Гришка передернул плечами.
- Та ничего вроде... Дерноватый только малость. Его на хронте перепужали. Он ранетый был. От такая на груди рана! - Гришка соединил обе ладони вместе.-Та вон он, вон! - и принялся показывать на коновязь. - Черный! Его Депом зовут, нам его железнодорожники оставили. Видите? На худую собаку похожий, с которой на лису охотятся.
Колька и Сашка смотрели, смотрели, вспотели от усердия, но никакой лошади, похожей на гончую собаку, не увидели.

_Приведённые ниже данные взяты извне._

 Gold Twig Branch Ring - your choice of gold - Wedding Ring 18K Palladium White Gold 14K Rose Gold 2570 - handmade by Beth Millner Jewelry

- С норовом у нас Депоша! - оживляясь, хвастался Гришка. - Я бате не говорил, но он меня три раза нес. Чуть не поубивались с ним вместе, правда! Как Депошу какой конь обгонит, так он прям себя забывает, самошечим становится. Пока не обгонит - никак ты его не удержишь. Самолюбивый он дуже! С карахтером! Норов у него такой. Я с ребятами купать его не езжу. Потому как боюсь - запалится конь по своей дурости.
Колька уже все обдумал. Как они с Сашкой и предполагали, у забора под тополями стояли лошади тех казаков, кто не участвовал в скачках. Кони лениво отмахивались хвостами от оводов, перебирали ногами и... вроде бы были смирными... Главное - успеть добежать до них, отвязать и вскочить в седла.

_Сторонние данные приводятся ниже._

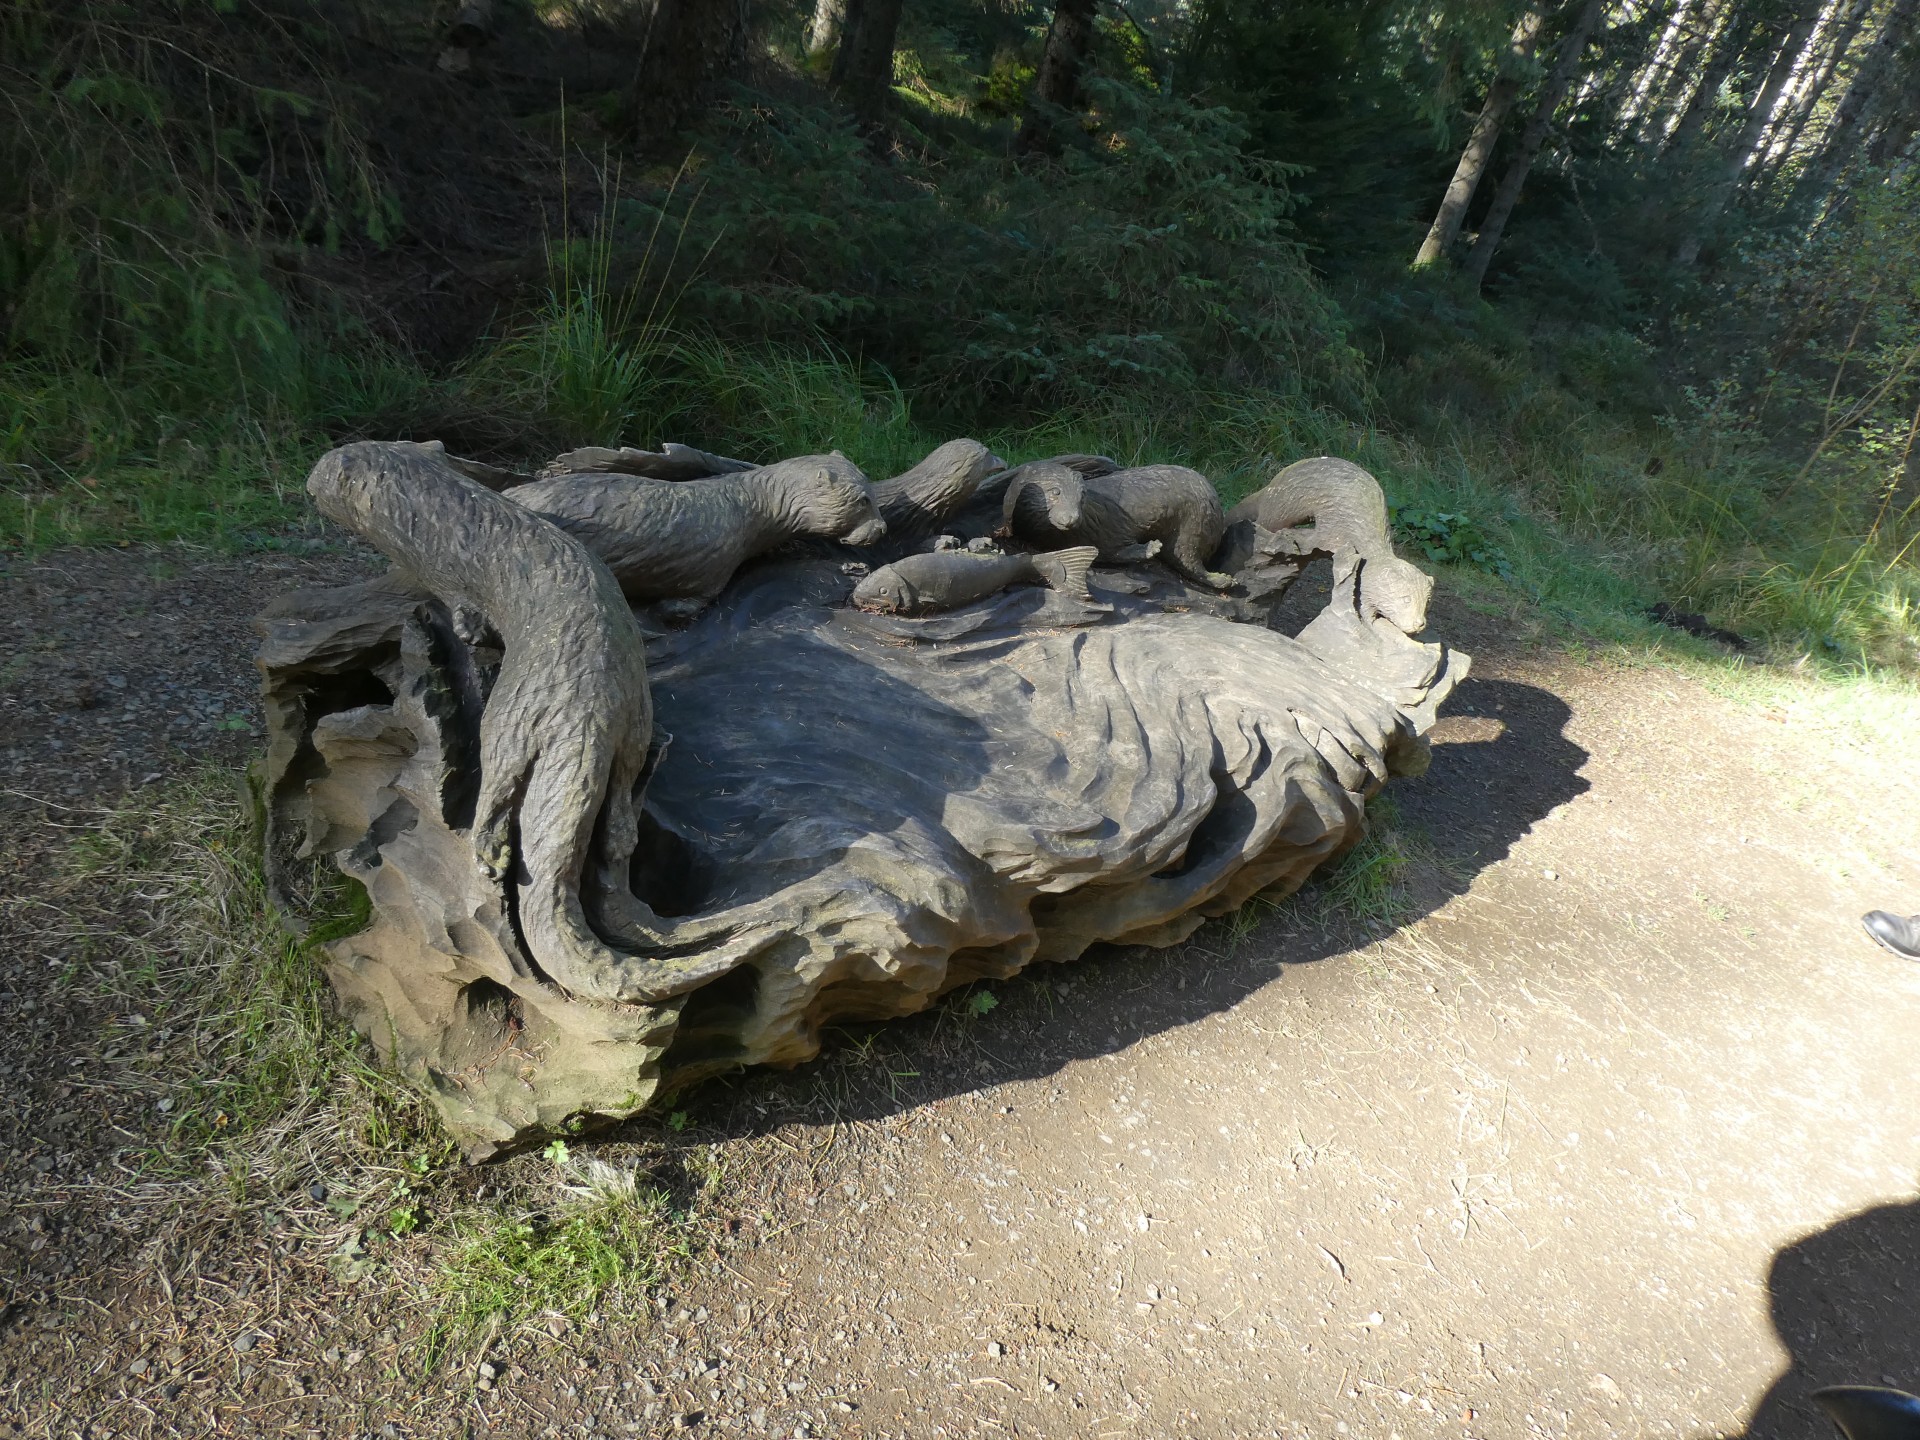 And another sculpture this time a wooden bench

- Жди моего сигнала, - шепнул Колька Сашке, чтобы не услышал Гришка. - Как скажу - мигом вниз и - к лошадям, понял?
Уши у Сашки побледнели. Вид у него был... совсем не геройский, синяк в полщеки, веснушки, рыжие вихры торчали во все стороны.

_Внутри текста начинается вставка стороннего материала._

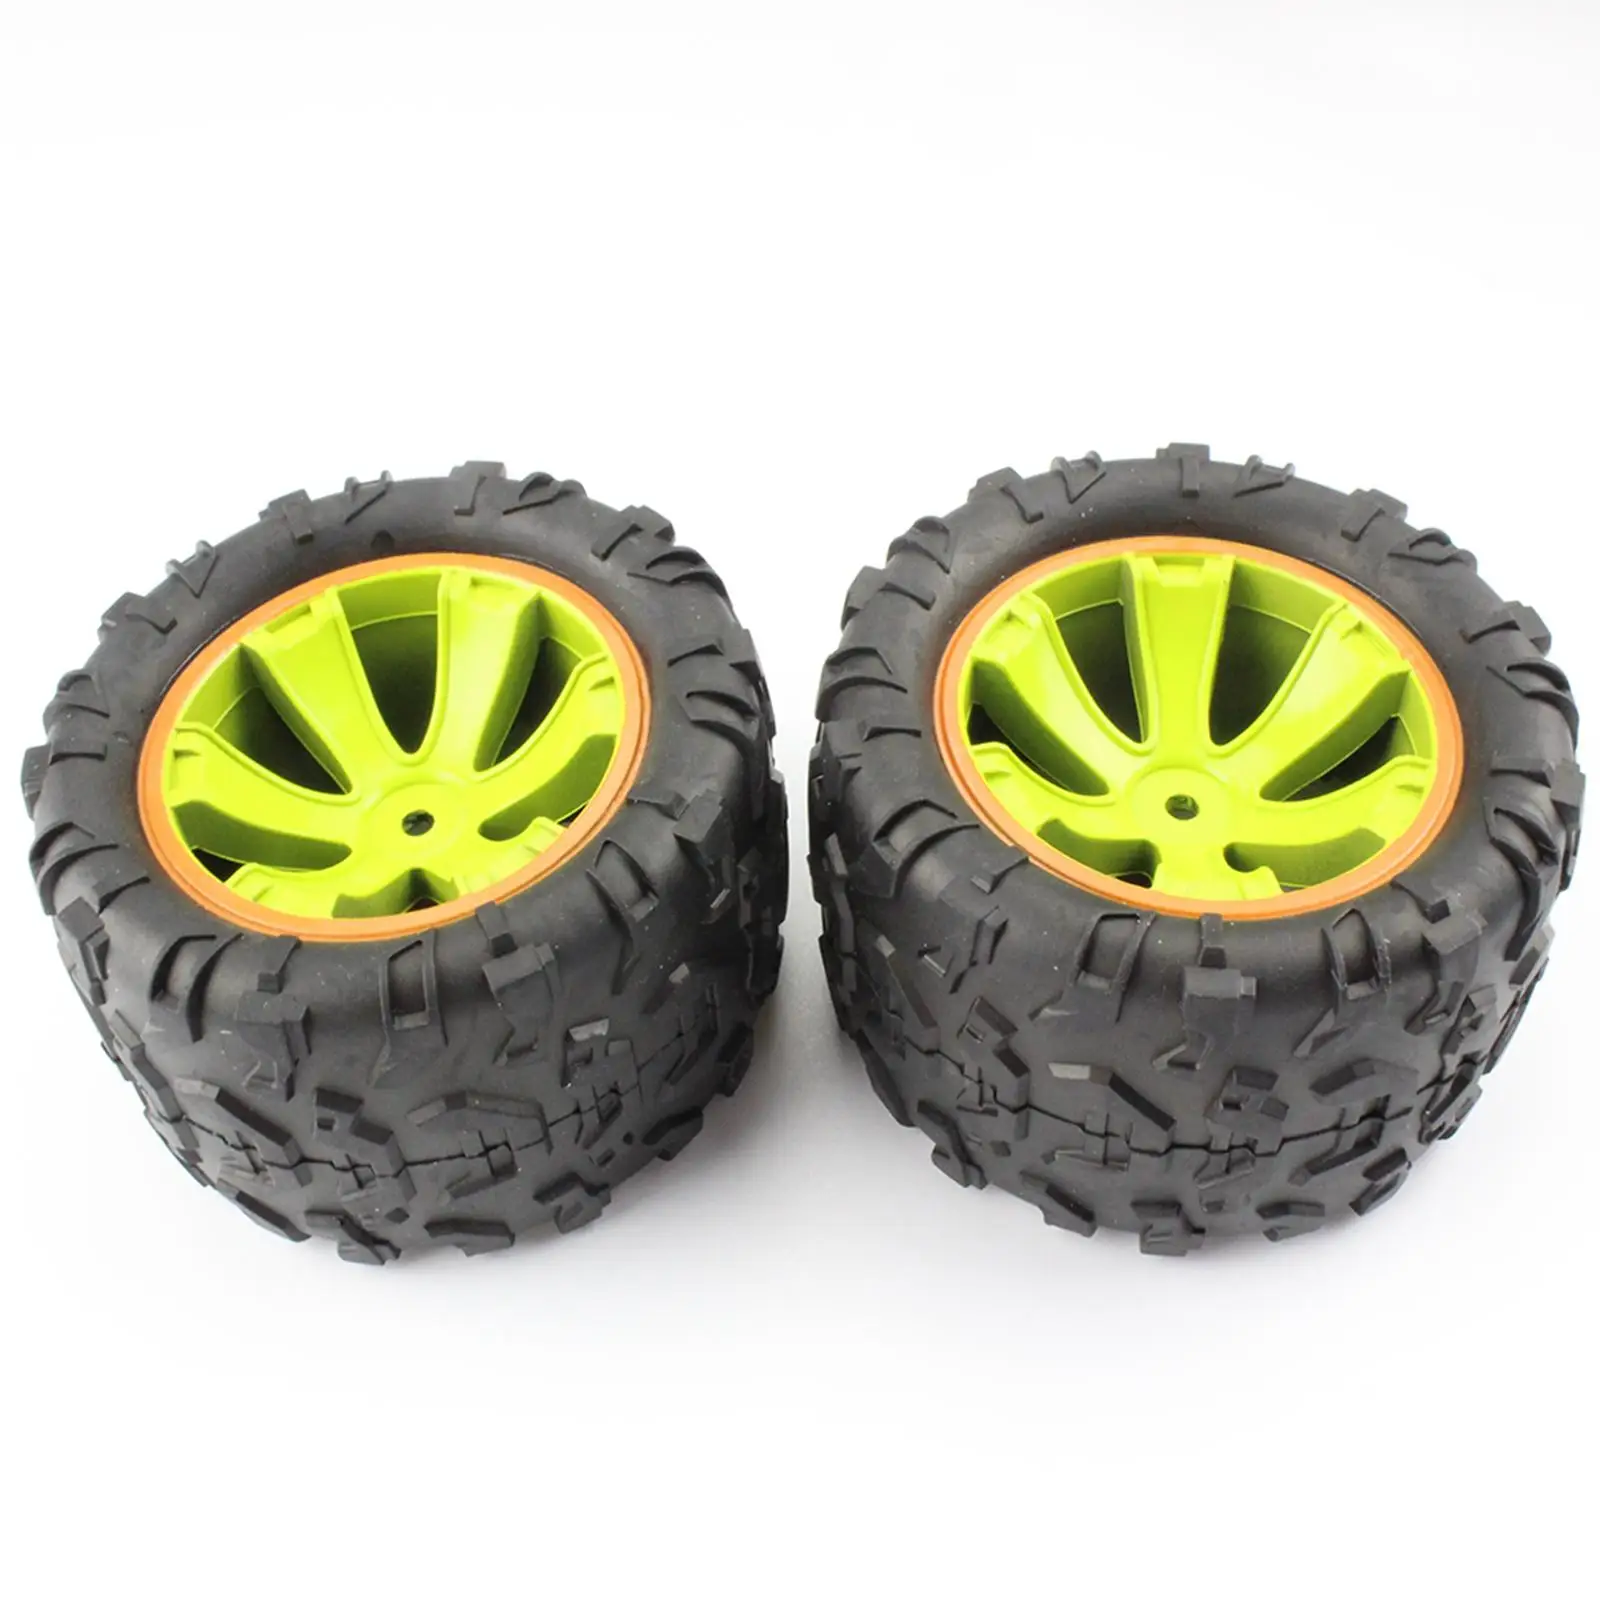 2Pcs High Quality Wheel for Wltoys 144002 Remote Control Vehicle Spare Parts Replacement

- Жаль, что Михейкин не с нами, - разжались наконец у него губы. - Если б он...
- Если б да кабы, - передразнил его Колька, - то во рту выросли б грибы!.. Ты вроде Харитона, с катавасиями в голове. Слышал же, что Гаврила Охримович сказал? Ты вот лучше выполняй, что тебе говорят. Как скомандую - сразу вниз, понял?
Сашка кивнул, от решимости закусил губу. Колька в нем не сомневался. Уж что-что, а друга его трусом назвать нельзя.
- Шашки с дустом бросать буду я.
- Ага, - согласился Сашка. - Ты только не спеши. Внизу и около коновязи закричали:
- Павло! Павло! Сотник едет!
На выгон из улицы вынесло всадника на черном коне в белых чулках. Конь шел боком, рысью, приплясывая: его сдерживали. Ворон выгибал дугой шею, оборачиваясь к всаднику, пытался схватить зубами его за колено.
На сотнике белоснежная черкеска с красными атласными отворотами на рукавах, папаха из седого каракуля, желтым блеском сияют погоны, головки газырей на груди, кинжал, ножны шашки сбоку.
- Вот это казак!
- Картина!
- Прям загляденье, ей пра!
Выехав на выгон, Павло отпустил повод - конь сорвался в галоп. Перед коновязью всадник вздернул его на дыбы, и Ворон, поджав передние ноги, встал свечой, заплясал на задних ногах, заржал.
- Здоровеньки булы, братцы-казаки! - по-военному рявкнул Павло, вскидывая над головой руку с короткой плетью.
Братцы-казаки у коновязи нестройным хором ответили, а под тополями загалдели все враз.
- Что братцы?! - закричал вновь Павло, перекрывая шум.- Начнем, а? Раструсим жирок?!